Fuente: John Gill’s Exposition of the Entire Bible

20. Both to great and small The royal example and decree would thus furnish custom and law for all ranks and classes of people in the empire.

Fuente: Whedon’s Commentary on the Old and New Testaments

Est 1:20 And when the king’s decree which he shall make shall be published throughout all his empire, (for it is great,) all the wives shall give to their husbands honour, both to great and small.

Ver. 20. And when the king’s decree that he shall make shall be published] But why should any such thing be published at all, unless the king be ambitious of his own utter dishonour? Is there none wiser than other, but that the king must betray his own nest, tell all the empire that he was drunk, or little better, and did in his drink determine that against his fair queen that he so soon after repented? He should have done in this case as a man doth, that having a secret sore, clappeth on a plaster, and then covereth it with his hand, that it may stick the faster, work the better. Had Ahasuerus been wise, the world had been never the wiser for anything that Vashti had done, &c. But Memucan hath some colour for his bad counsel, a goodly veil to cast over it.

All the wives shall give to their husbands honour ] They shall not dare to do otherwise, unless they mean to be likewise divorced. But will terror breed true honour? is soothing right submission? Quem metuunt oderunt, fear makes hatred; and people honour none (to speak properly) but whom they love sincerely. Those lordly husbands that domineer over their wives as if they were their slaves, and carry themselves like lions in their houses, must not look for any great respect there. This man promised himself great matters when he thus said, The wives shall give iittenu in the masculine gender, to signify the wives’ voluntary subjection and obedience; but that he never had, nor any other that took the like course. Those husbands that will be honoured indeed by their wives must give honour to them as to the weaker vessels, as being heirs together of the grace of life, 1Pe 3:7 .

Fuente: John Trapp’s Complete Commentary (Old and New Testaments)

decree prescript. Only here and Ecc 8:11.

it is great: i.e. the decree is important.

ALL THE WIVES SHALL GIVE. This is the first of the five Acrostics (App-6), exhibiting in the initials the Divine name. See App-60.

Fuente: Companion Bible Notes, Appendices and Graphics

throughout: Deu 17:13, Deu 21:21

all the wives: Eph 5:33, Col 3:18, 1Pe 3:1-7

Reciprocal: Gen 3:16 – rule Eph 5:22 – submit 1Ti 2:11 – General

Fuente: The Treasury of Scripture Knowledge

Est 1:20-21. All the wives shall give to their husbands honour, &c.
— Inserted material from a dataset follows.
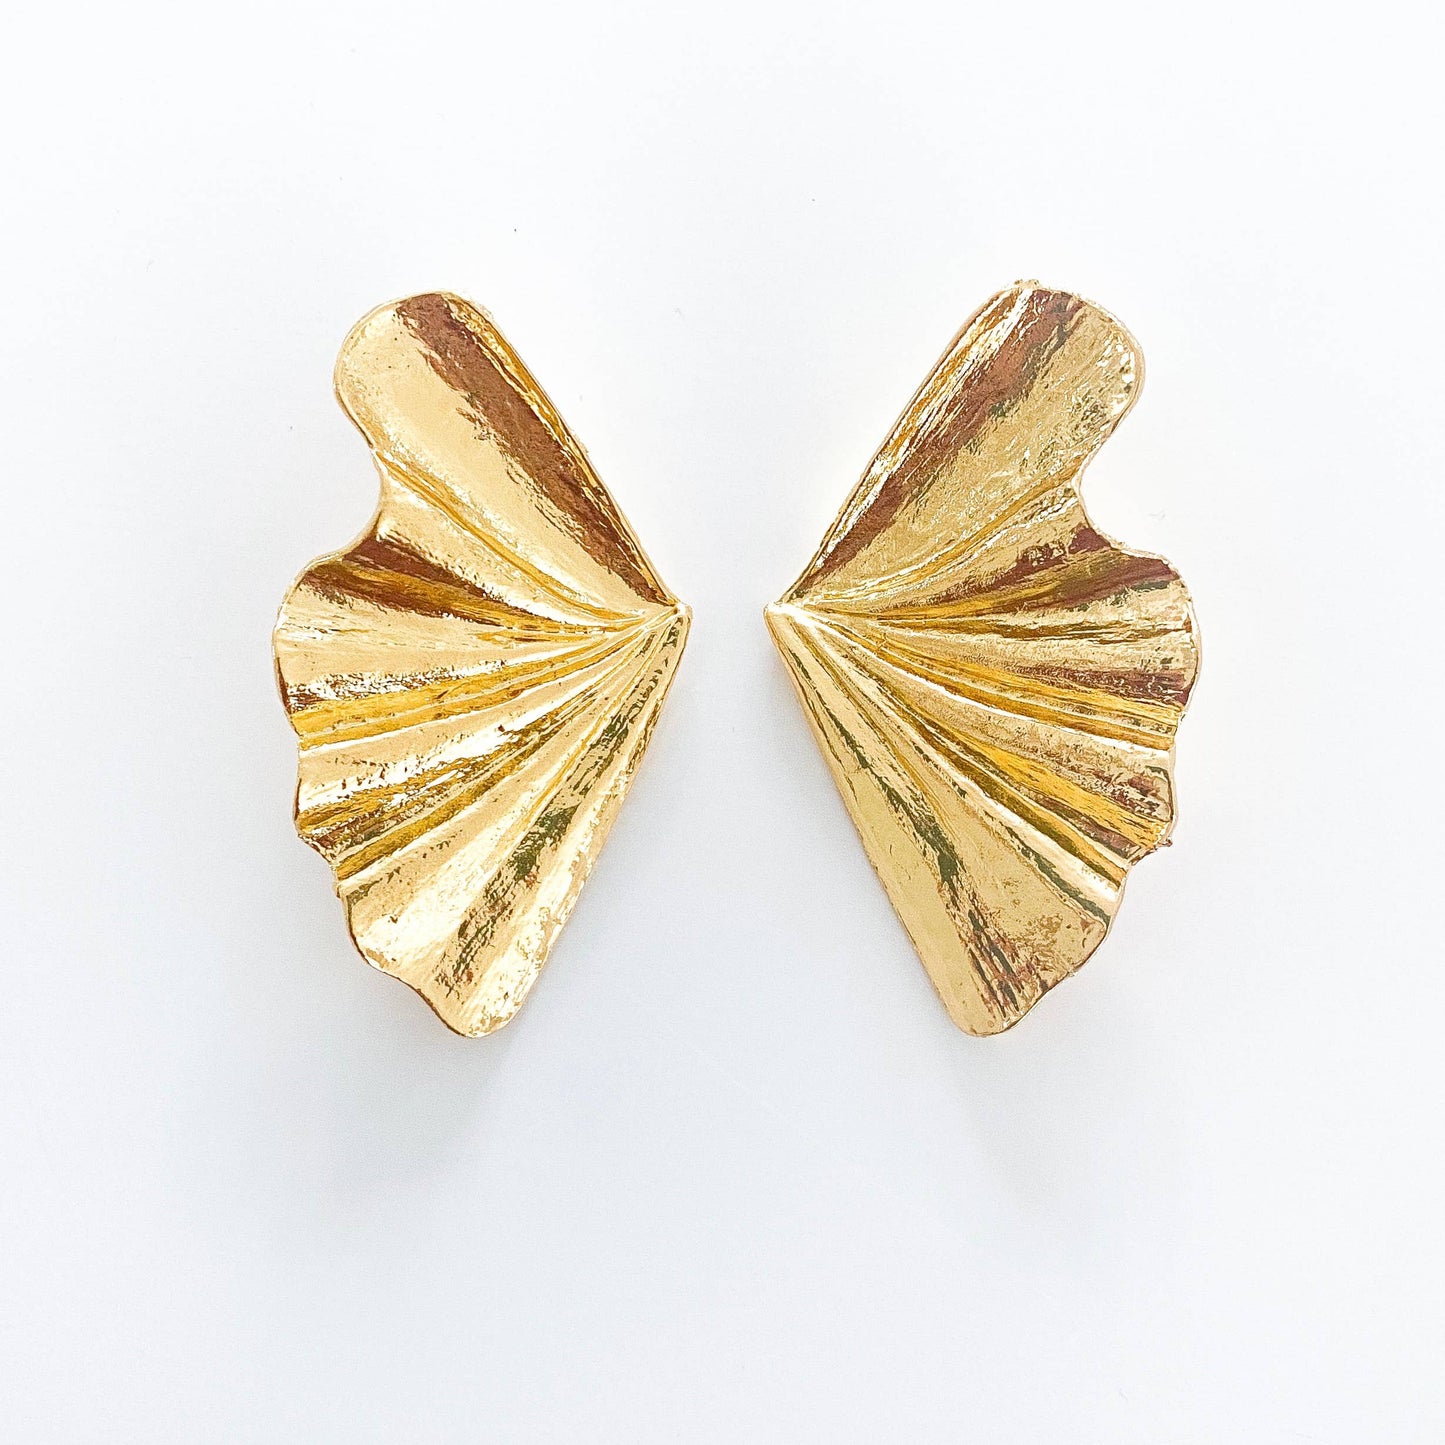 Fan Gold Statement Earrings

None will dare to disobey, when they hear that the greatness of the queen could not preserve her from such a heavy punishment. The saying pleased the king and the princes Partly because their own authority and interest were concerned in it; and especially by the singular providence of God, who designed to bring about his own great work by this small occasion.

Fuente: Joseph Bensons Commentary on the Old and New Testaments

1:20 And when the king’s decree which he shall make shall be published throughout all his empire, (for it is {o} great,) all the wives shall give to their husbands honour, both to great and small.

(o) For he had under him a hundred and twenty-seven countries.